「フランク・シナトラ」 『追撃者』:創作のためのボキャブラ講義30

本日のテーマ

題材

「これってなんなの?」
「なにが?」
「私だって、理解しようと頑張っているの。あなたを。五年も疎遠だったのに、急に戻ってきて。……戻ってきたら、見た目がまるでフランク・シナトラみたいになってるし」

(本編31分ごろ)

意味

フランク・シナトラ
 ザ・ヴォイスと通称されるアメリカの歌手、俳優。1930年代から1990年代まで活躍。


解説

作品解説

 シルベスタ・スタローンが演じるキャラクターは多岐にわたるが、男のカーナビと呼ばれるだけあり、マッチョなガイかアウトロー、というのが基本的なライン。代表的なのはやはり『ランボー』で一斉を風靡したジョン・ランボーだろう。破天荒な刑事マリオン・コブレッティを演じた『コブラ』は内容こそ薄い往年のアクション映画という感じだが、嫌いになれない妙な愛嬌がある作品だ。

 『追撃者』でスタローンが演じたのはベガスの用心棒であるジョン・カーター。ただし舞台はベガスではなくシカゴ。彼の弟が死んだという知らせを受けて舞い戻ったアウトローのジョンは、弟の死に疑念を抱き独自に捜査を開始する。刑事顔負けのテキパキした捜査はベガスで用心棒のみならず借金取りもやっていたからだろうか。
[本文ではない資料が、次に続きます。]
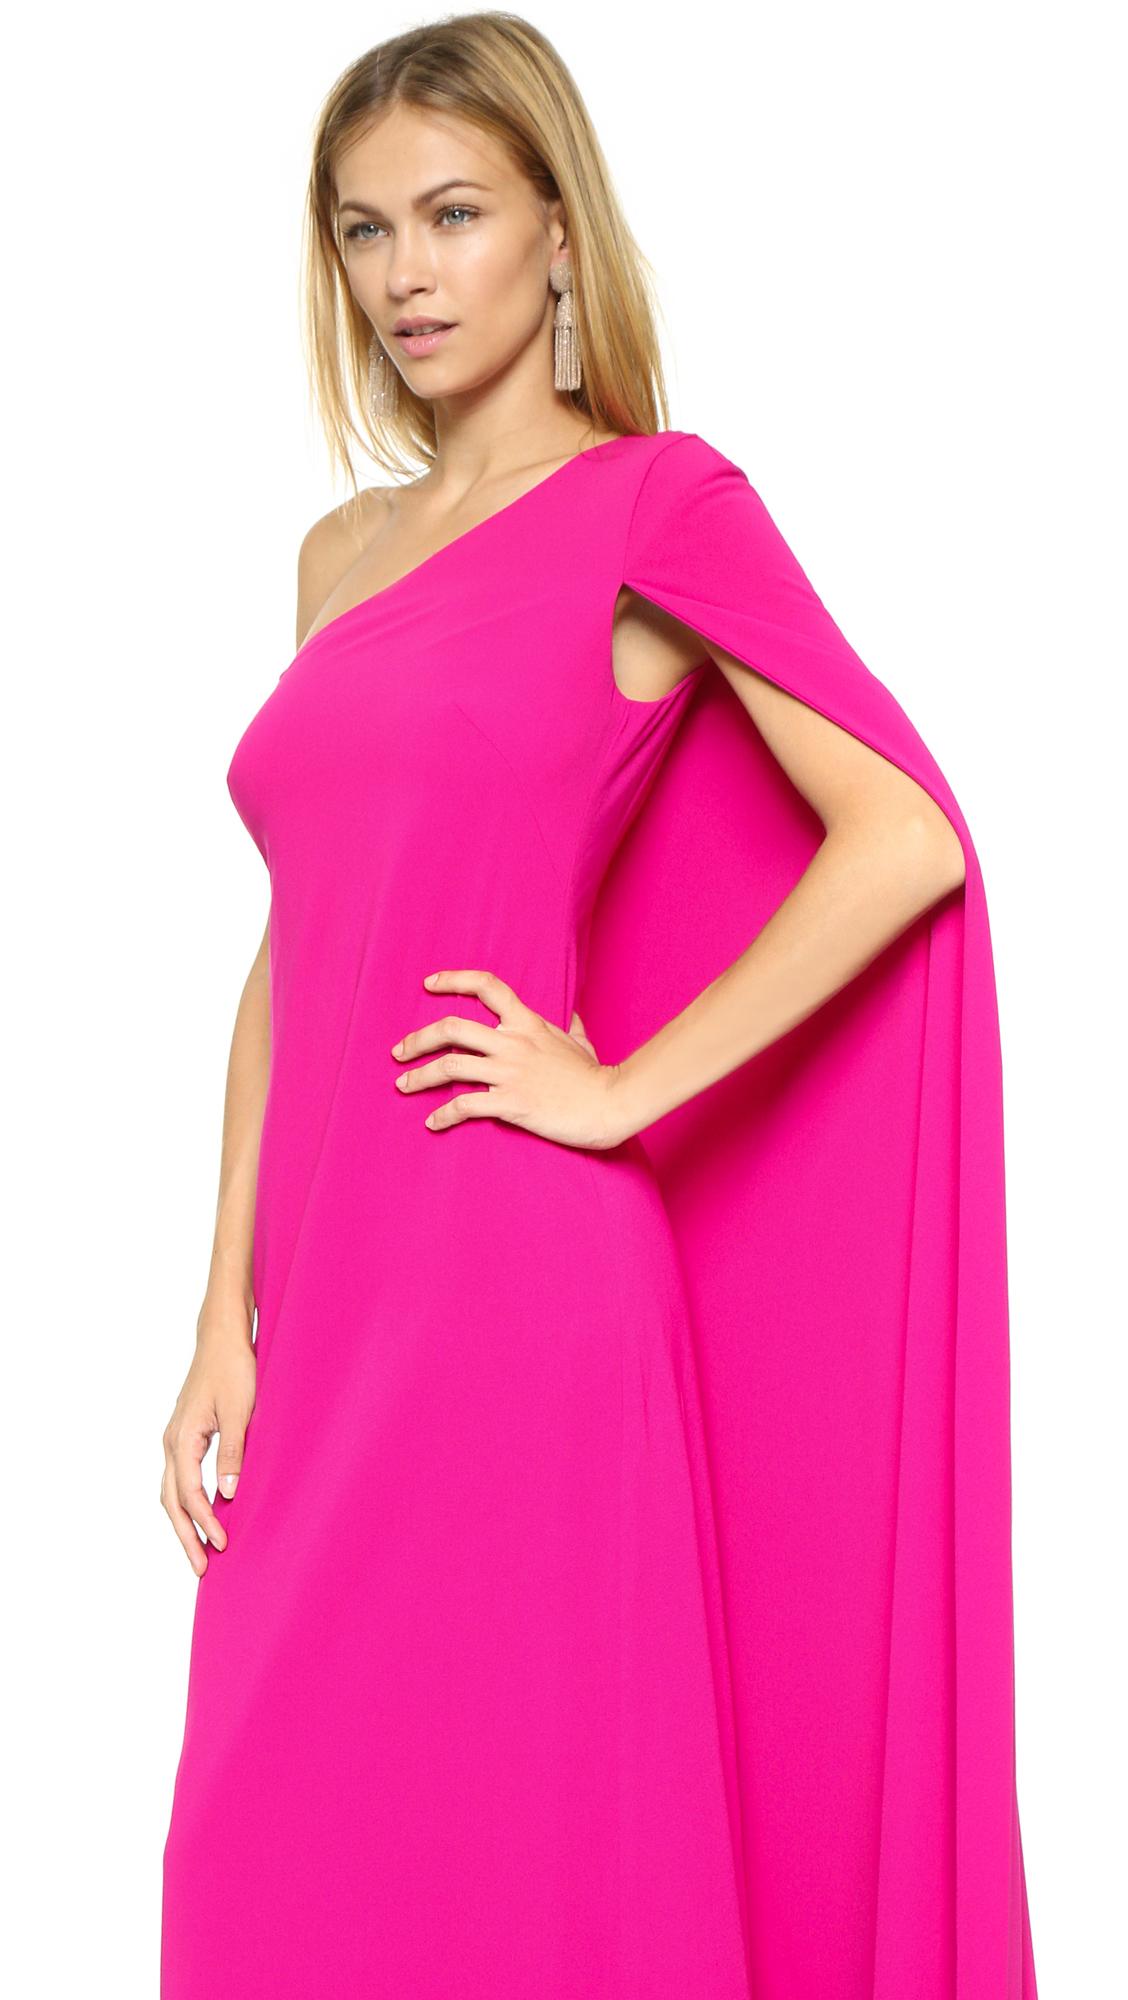 Jill jill stuart One Shoulder Gown in Pink | Lyst

 しかしイケているアウトローに見えるジョンも、古臭い時代の男として周囲から軽んじられる事が多い。地元シカゴの知り合いの悪党は「時代が変わった」と言い、今の仕事はインターネットでポルノ販売。上司に黙ってベガスを出た上に上司の愛人との不倫がバレて電話越しでどやされる。それでもジョンは謎を追う。

マフィアとの関わり

 さて問題の場面はジョンと、彼の弟の妻が会話をする場面。長い間疎遠になっていた悪党の兄貴が帰ってきた、しかも事故死と決まった弟の死について勝手に嗅ぎ回っているとなれば親族がいい顔をしないのは当然だろう。

 フランク・シナトラの名前が出てきたのはシナトラがアメリカの20世紀を代表する歌手のひとりであり、同時にマフィアとのつながりが常に噂される人物だったという背景があるようだ。イタリア系移民の血縁である彼はイタリア系マフィアとの関連があったらしい。その噂話が『ゴット・ファーザー』のエピソードの元にもなっているという。

 ちなみにスタローンは無名時代、『デス・レース2000』でマフィアの姿を模したレーサー、マシンガン・ジョーという役を演じている。どうやらスタローンをマフィアに仕立てるとなんかいい感じになる、と思っている人がちょくちょくいるらしい。

 もうひとつちなみに、『追撃者』というタイトルの映画にはマイケル・ダグラスが主演となるものが存在する。ダグラスが演じる富豪が砂漠で人間狩りに興じる作品らしい。スタローン主演の方を検索する時は映画製作年の「2000年」かスタローンの名前を検索ワードに一緒に入れよう。